Things can go one of two ways now. Browne can accede to meeting the developers to discuss their concerns about the impact of the changes and the “imperative that banks, investors and foreign funds have a high degree of certainty and confidence around the valuation of their investments”.
He should assure them that anyone investing in Ireland can have a high degree of certainty and confidence that – as is the case of other stable, rich democracies that they invest in – there is no guarantee that the state can or will prefer their financial interest over the needs of its citizens, although it has a pretty good track record of doing so. In effect he will be putting it up to Daly et al to sue him.
Or else he could cave and postpone the measure for a few years which tends to be the preferred option in Irish politics when principle conflicts with pragmatism. It would be a gift to the opposition.
Whichever option he chooses is thus fraught with political danger but the first is the better one.
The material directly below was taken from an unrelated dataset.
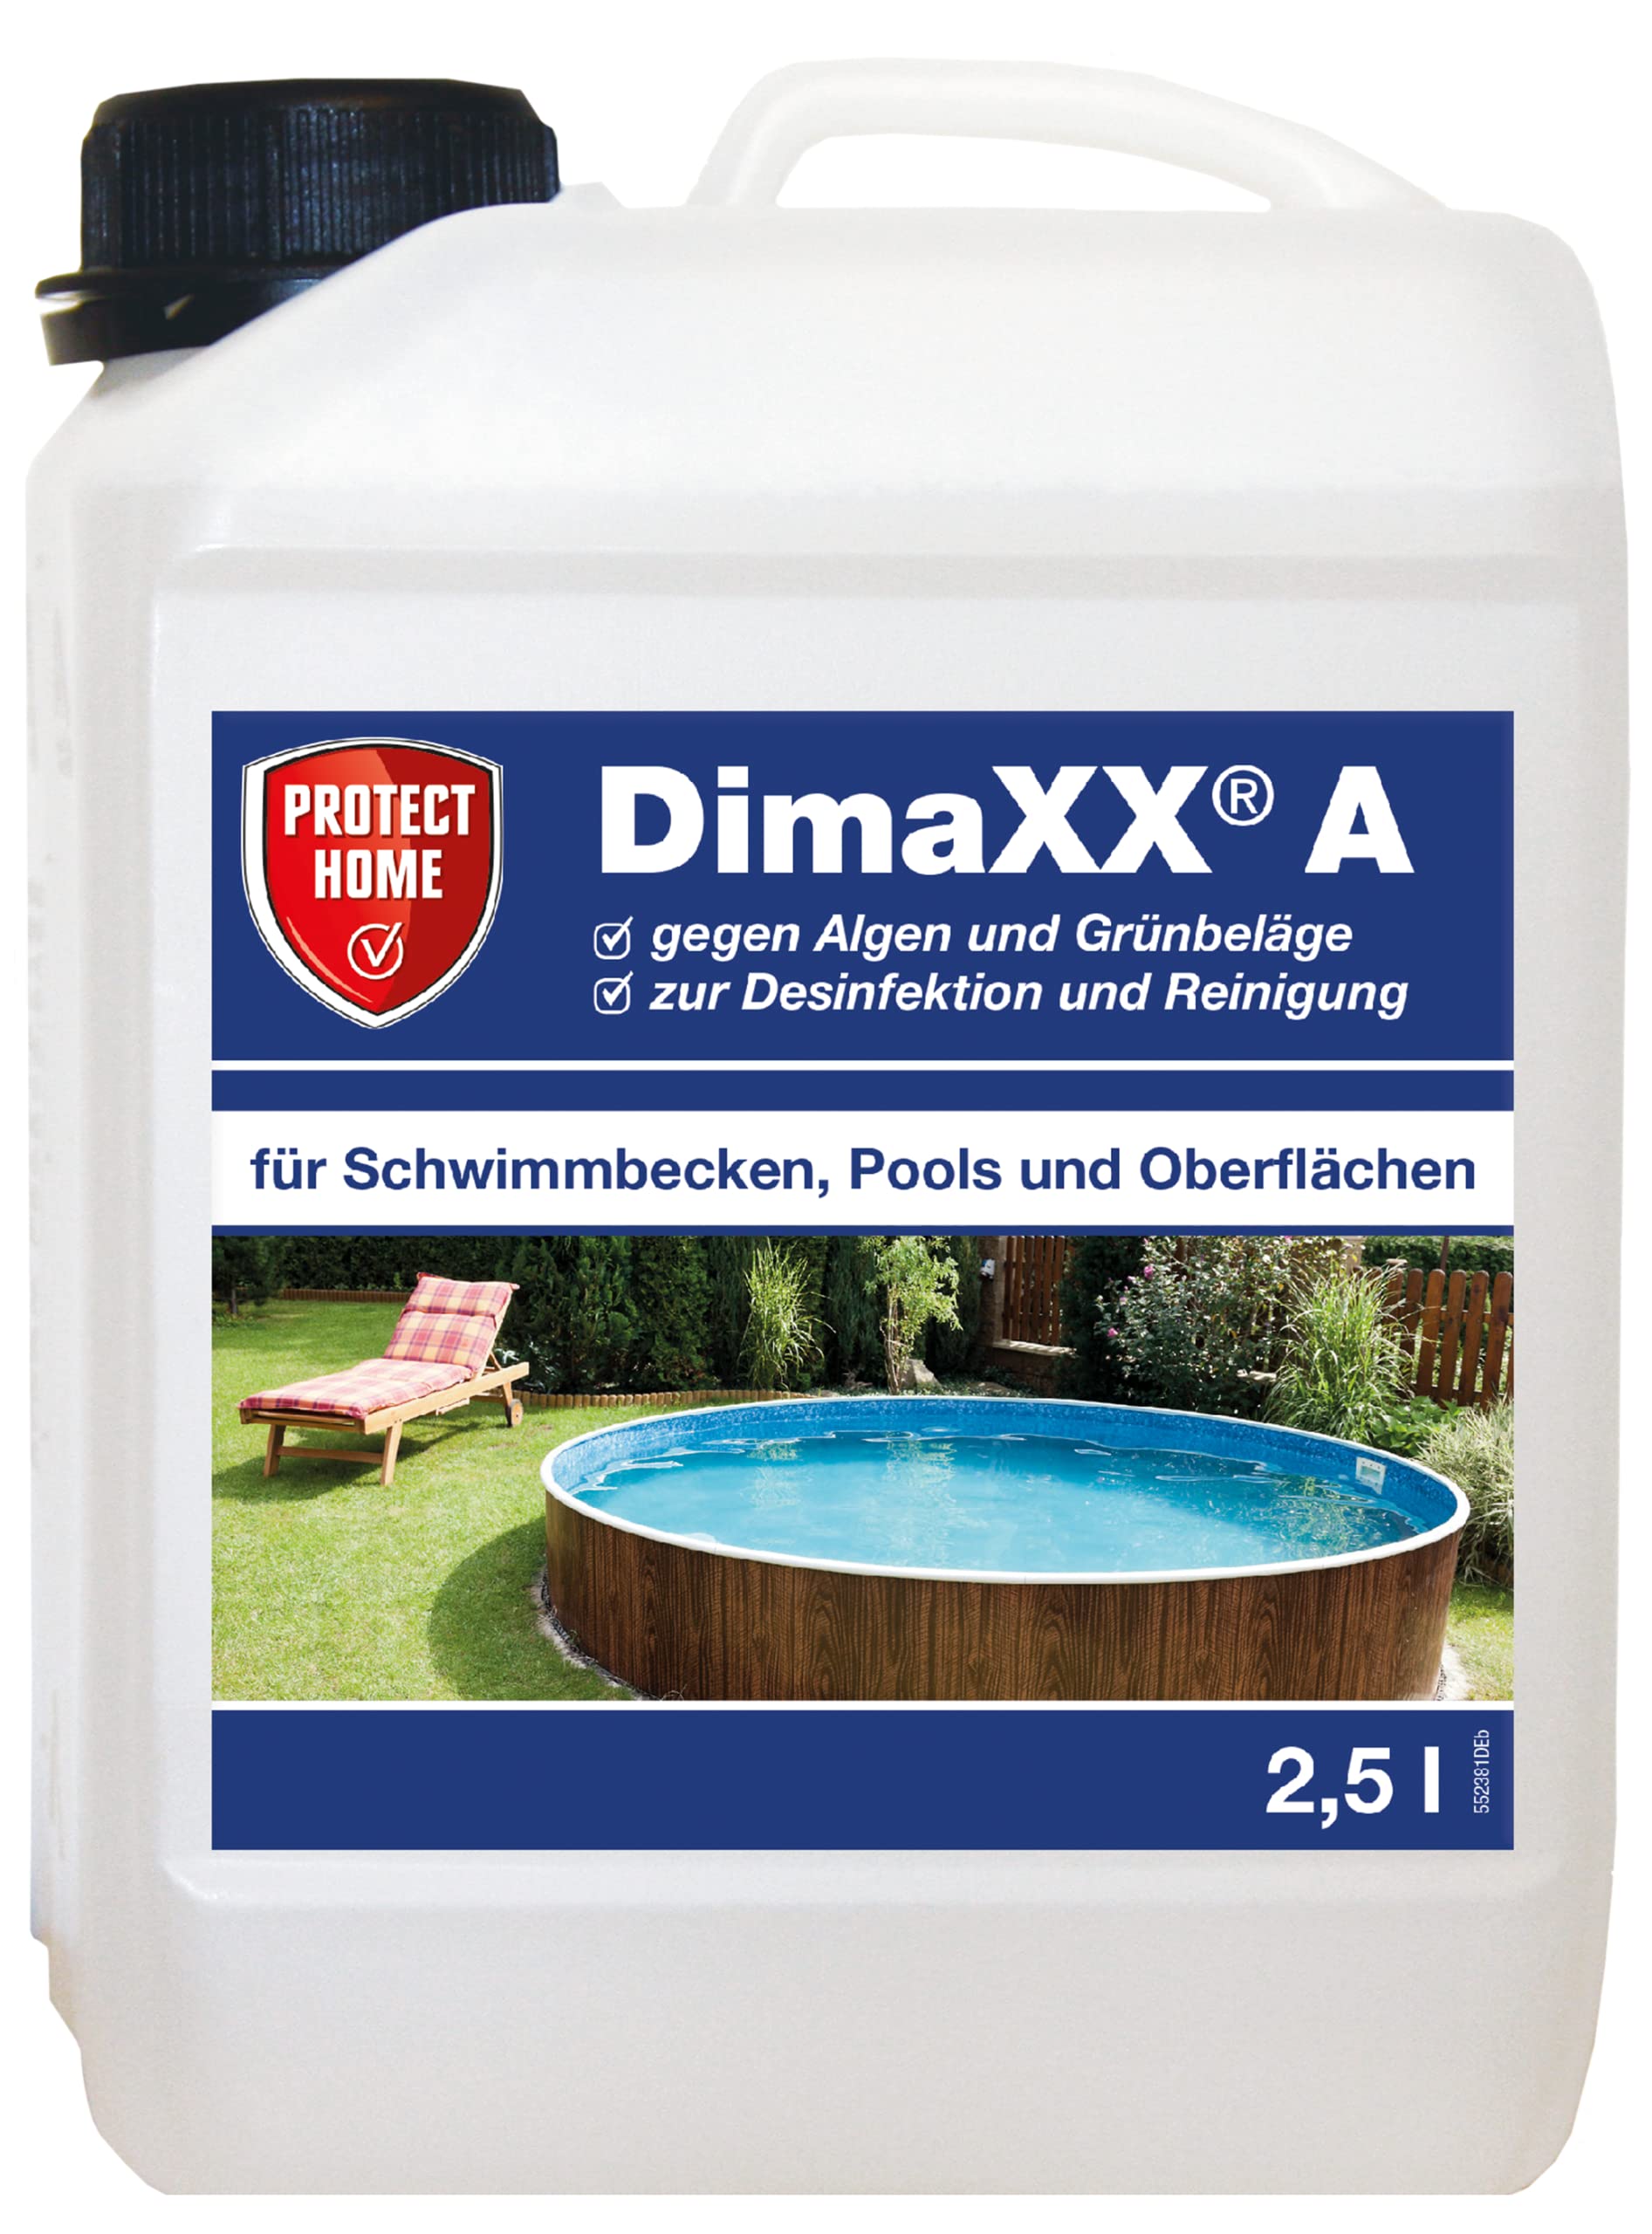 PROTECT HOME Dimaxx A Grünbelag-Entferner, Algenmittel, Poolreiniger gegen Grünbeläge und Algen in Schwimmbad, Pool und Flächen, 2,5 Ltr. Konzentrat
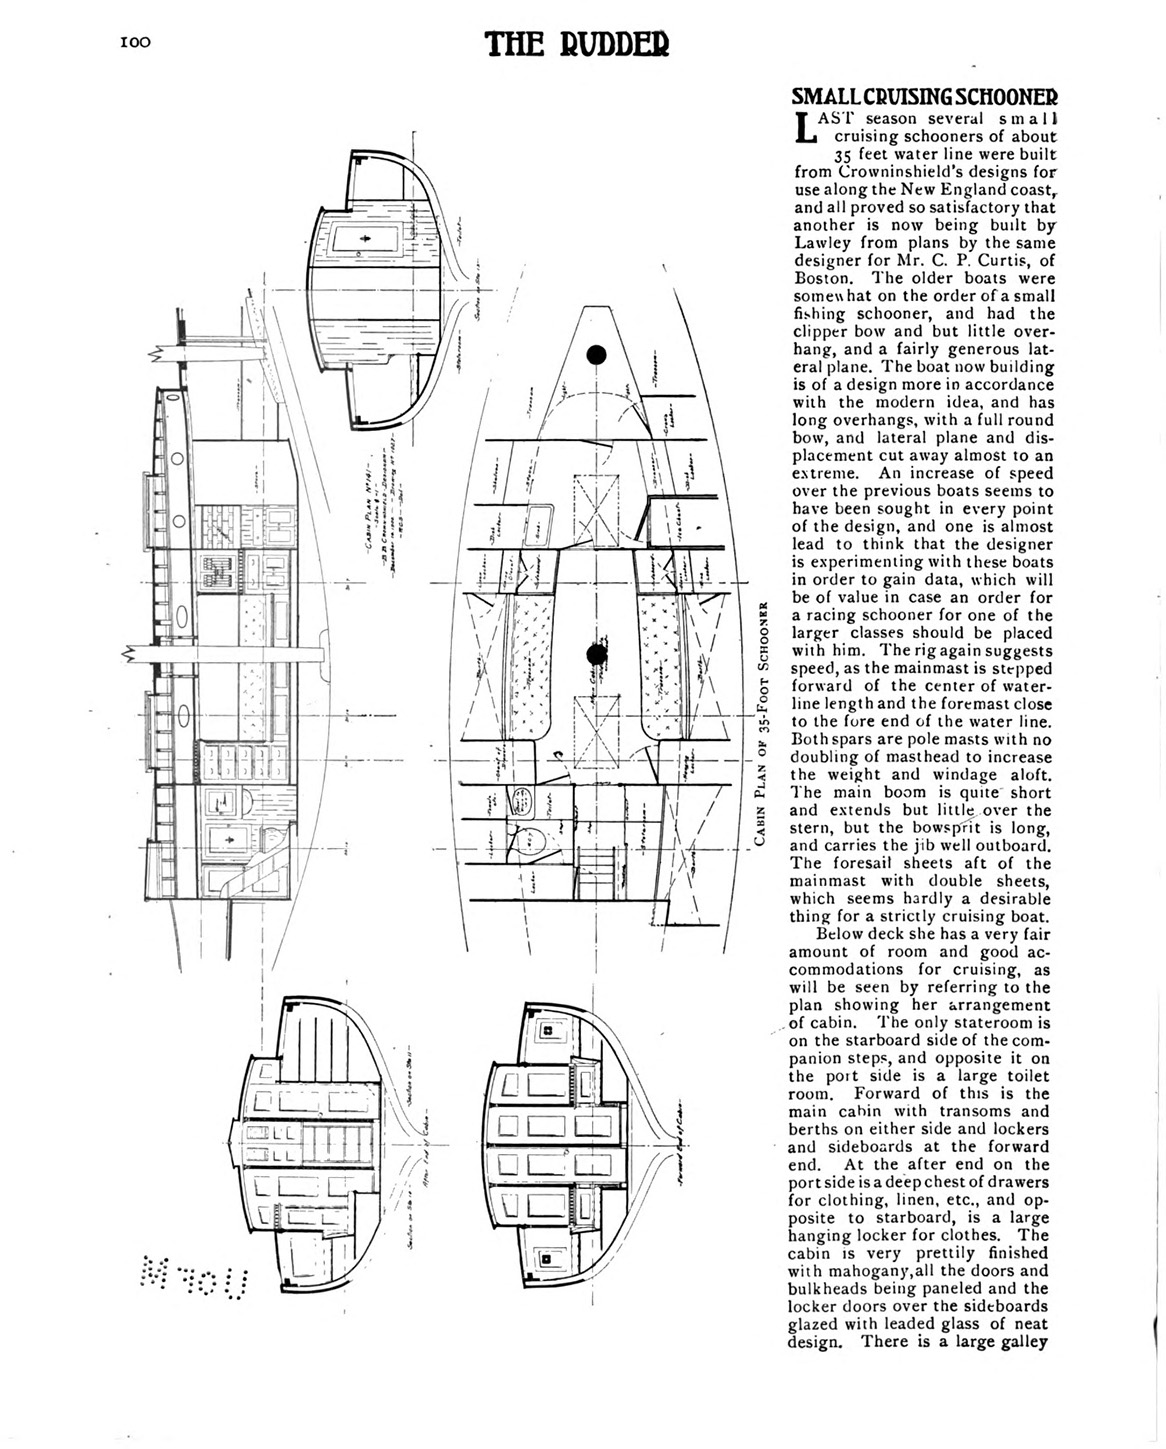 35-foot schooner_Page_2.jpg

Ireland is overdue a national cathartic moment hooked on a constitutional referendum. We have not really had one since the 2018 referendum on abortion. Both it and the earlier marriage referendum tapped into a disconnect between the public mood and the existing constitutional position.
The potential for another such upheaval over the right to housing is certainly there. The election of Catherine Connelly as President is proof of underlying discontent and what a united political left can achieve. The basic framework for a campaign to enshrine a right to housing already exists but is moribund.
Home for Good, a coalition of housing charities including the Simon Community and Focus Ireland, was established in 2021 to campaign for a referendum on the right to housing but appears to have fizzled out. Likewise, Raise the Roof, a trade union-led campaign for housing rights, has been on the go since 2018 but seems to have withered on the vine.
Nothing would reinvigorate these campaigns and unite the left like a full-on constitutional battle over the right of large landlords to get rid of tenants when they want. Even if the Government won the case, it would bolster the argument for a referendum to clarify the situation. If the Government lost it would make the case for a referendum all but unanswerable.
If and when Browne meets Daly and his colleagues, he might want to walk them through the consequences of all this for them before showing them the door.